_PROBLEM STATEMENT_:
Set down precisely the lines from the line with "缓音律c小调No.2钢琴谱-初版-舍勒七世1" through the end of the material, inclusive, and no pictures.

_DATASET EXCERPT_:
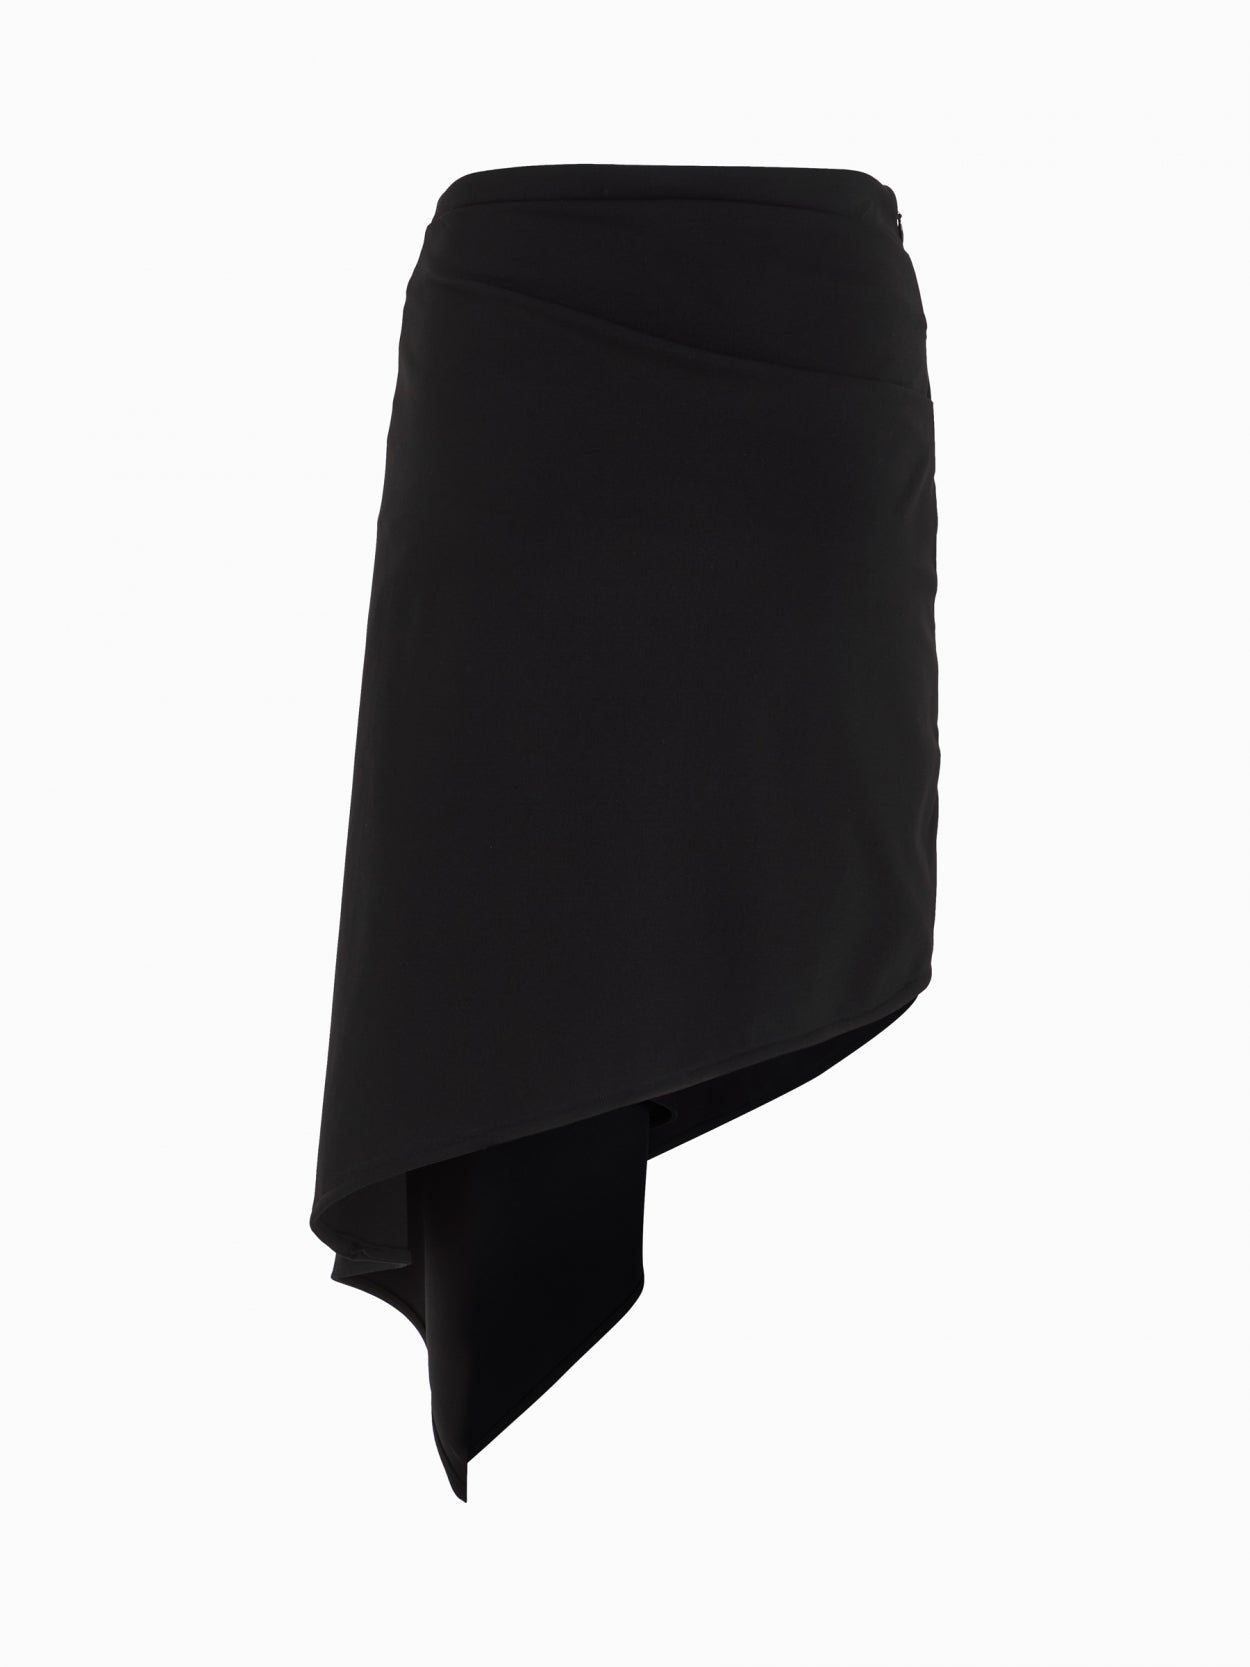 back packshot of a black draped skirt
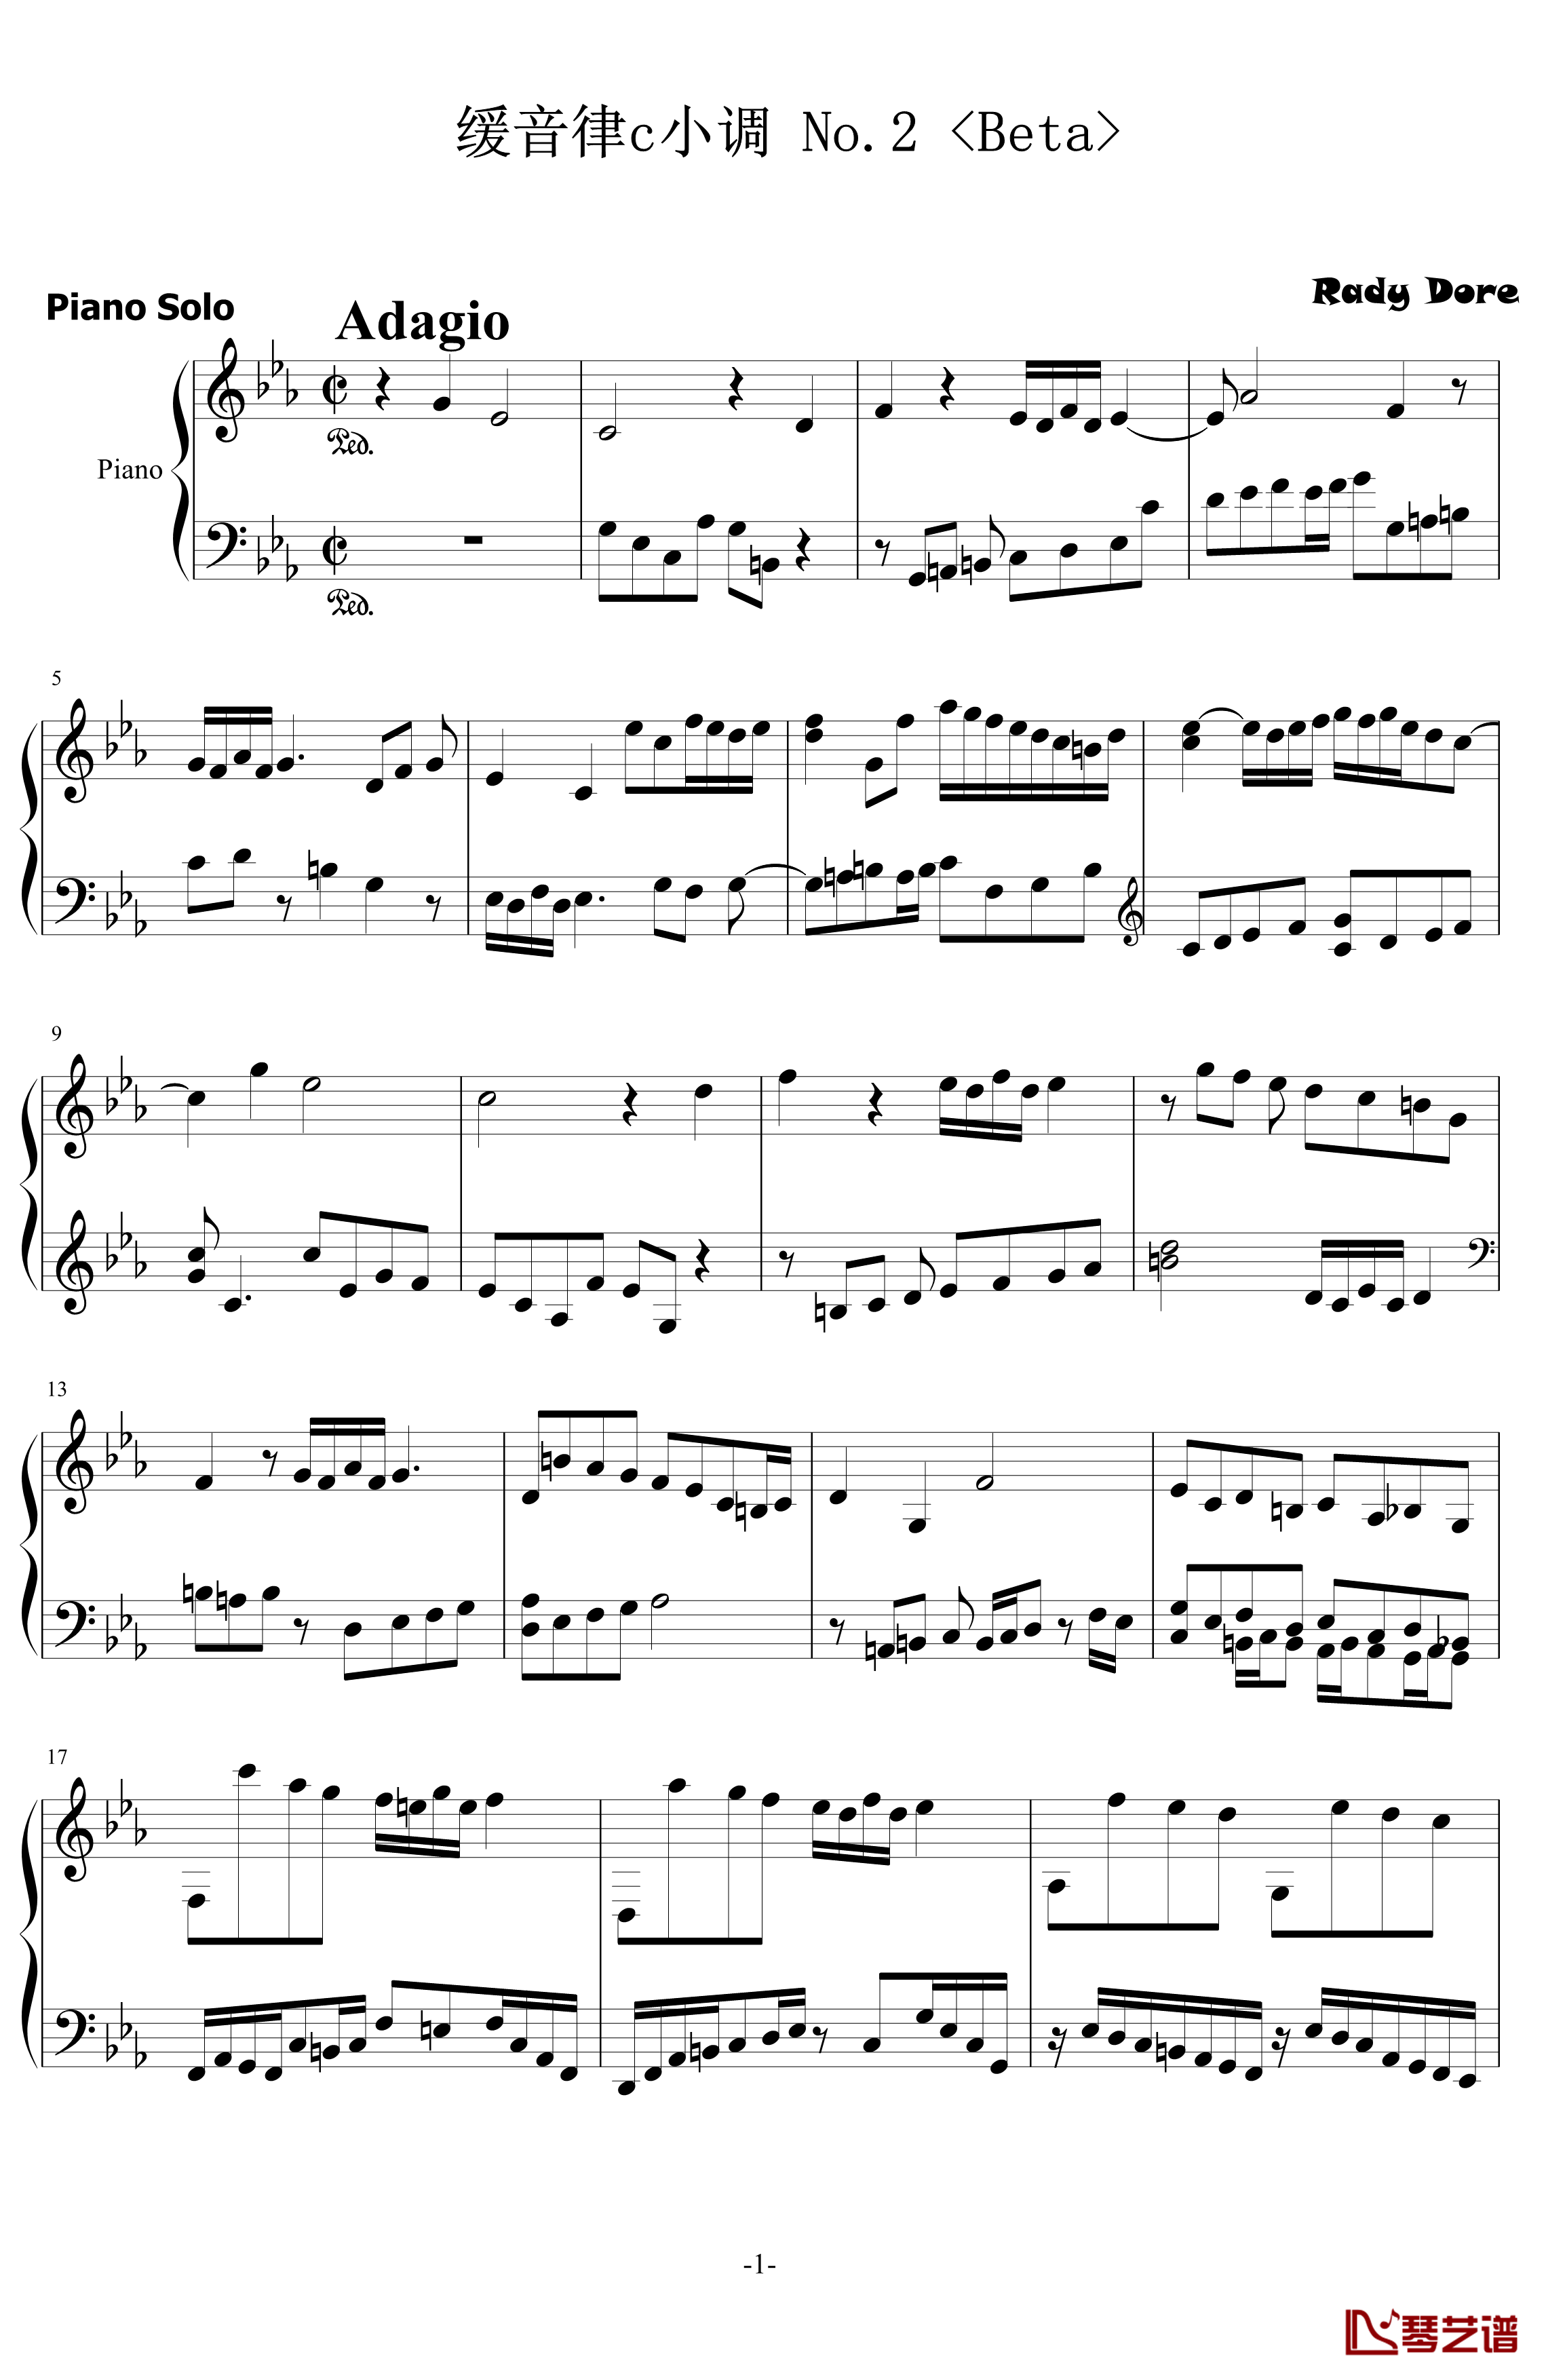 缓音律c小调No.2钢琴谱-初版-舍勒七世1
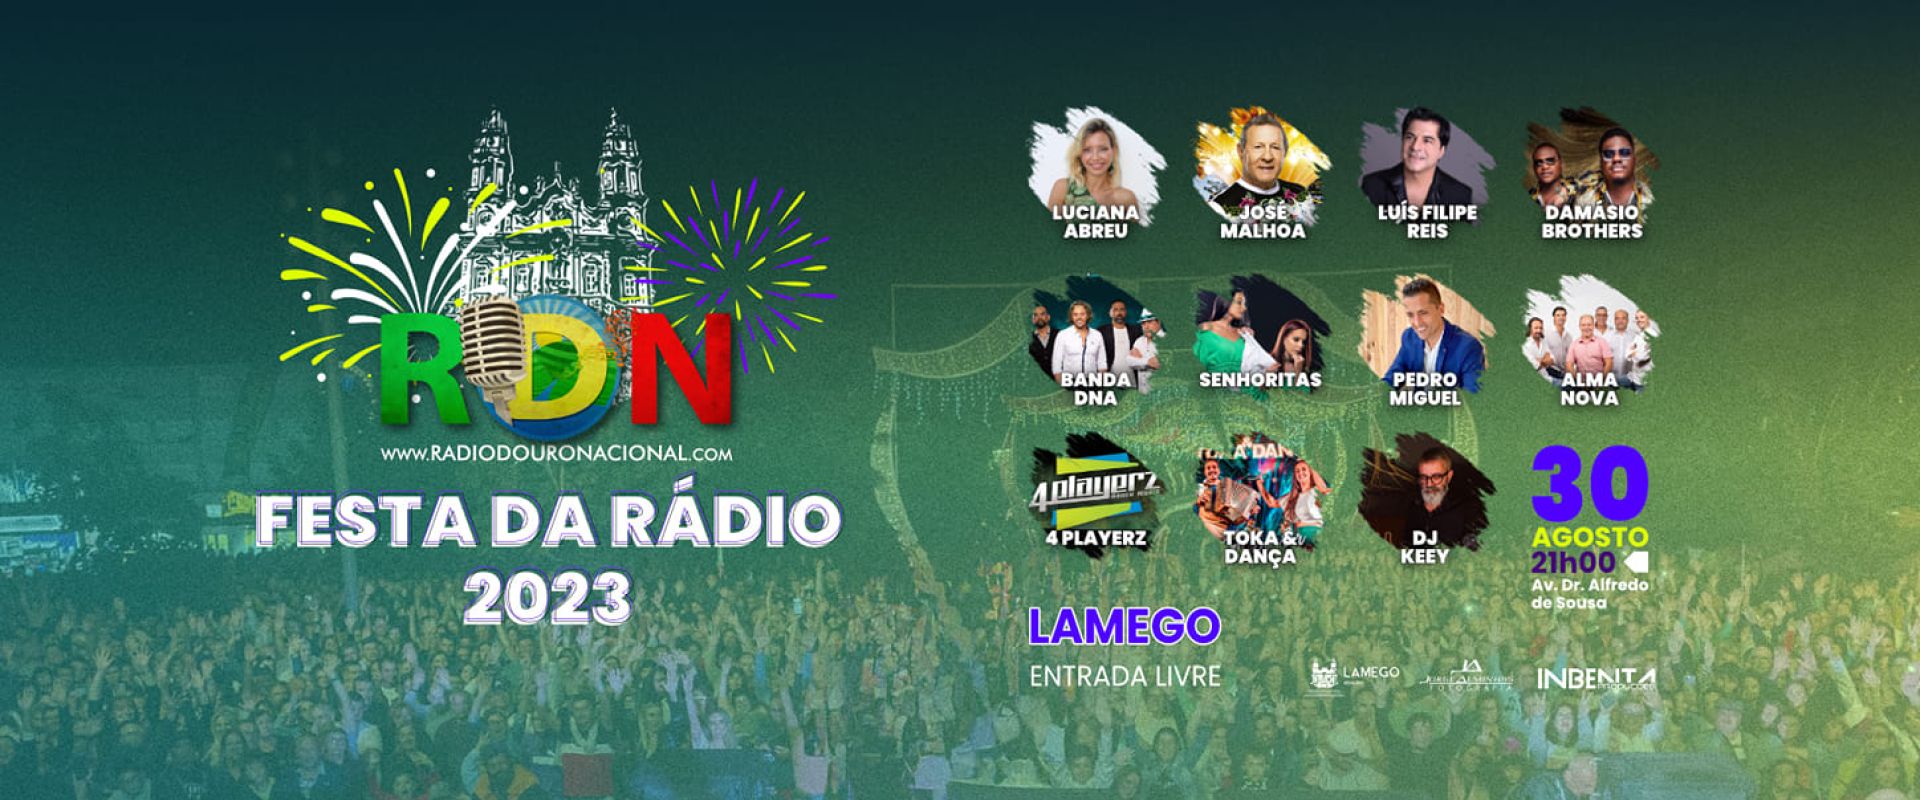 Festa da Rádio Douro Nacional 2023
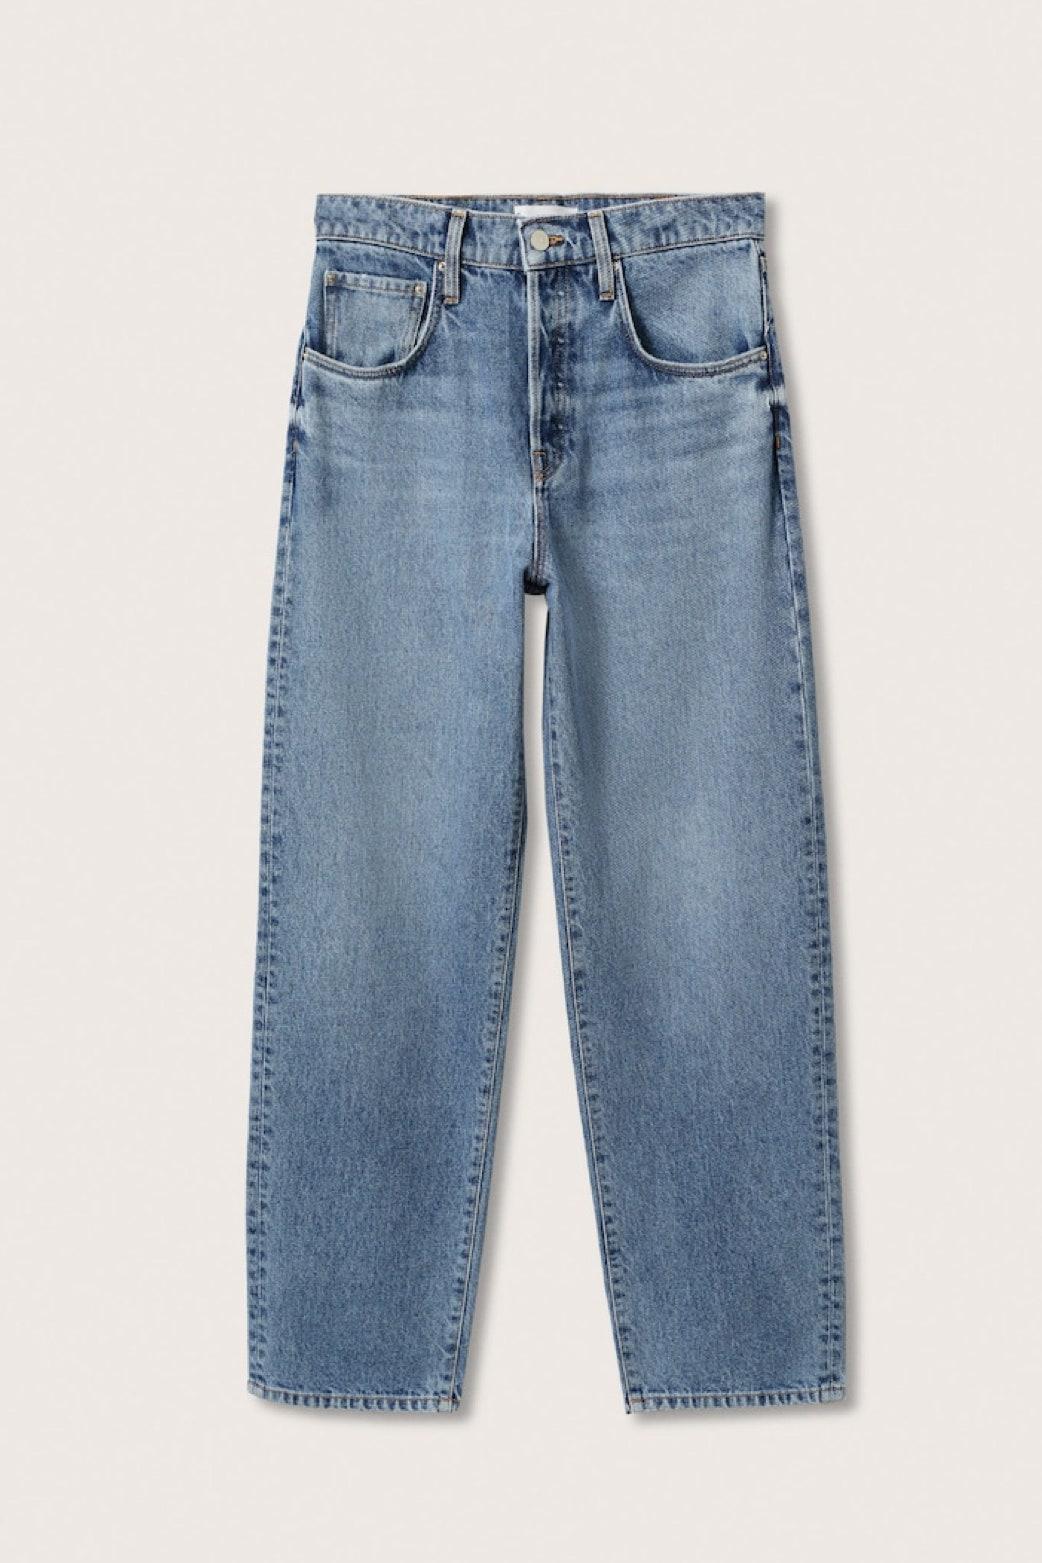 Vergesst Skinny Jeans! Diese neue Zara-Hose aus Denim erobert gerade die Herzen aller Modefans im Sturm

_ANSWER SECTION_:
 缓音律c小调No.2钢琴谱-初版-舍勒七世1
 Festa da Rádio Douro Nacional 2023
 Vergesst Skinny Jeans! Diese neue Zara-Hose aus Denim erobert gerade die Herzen aller Modefans im Sturm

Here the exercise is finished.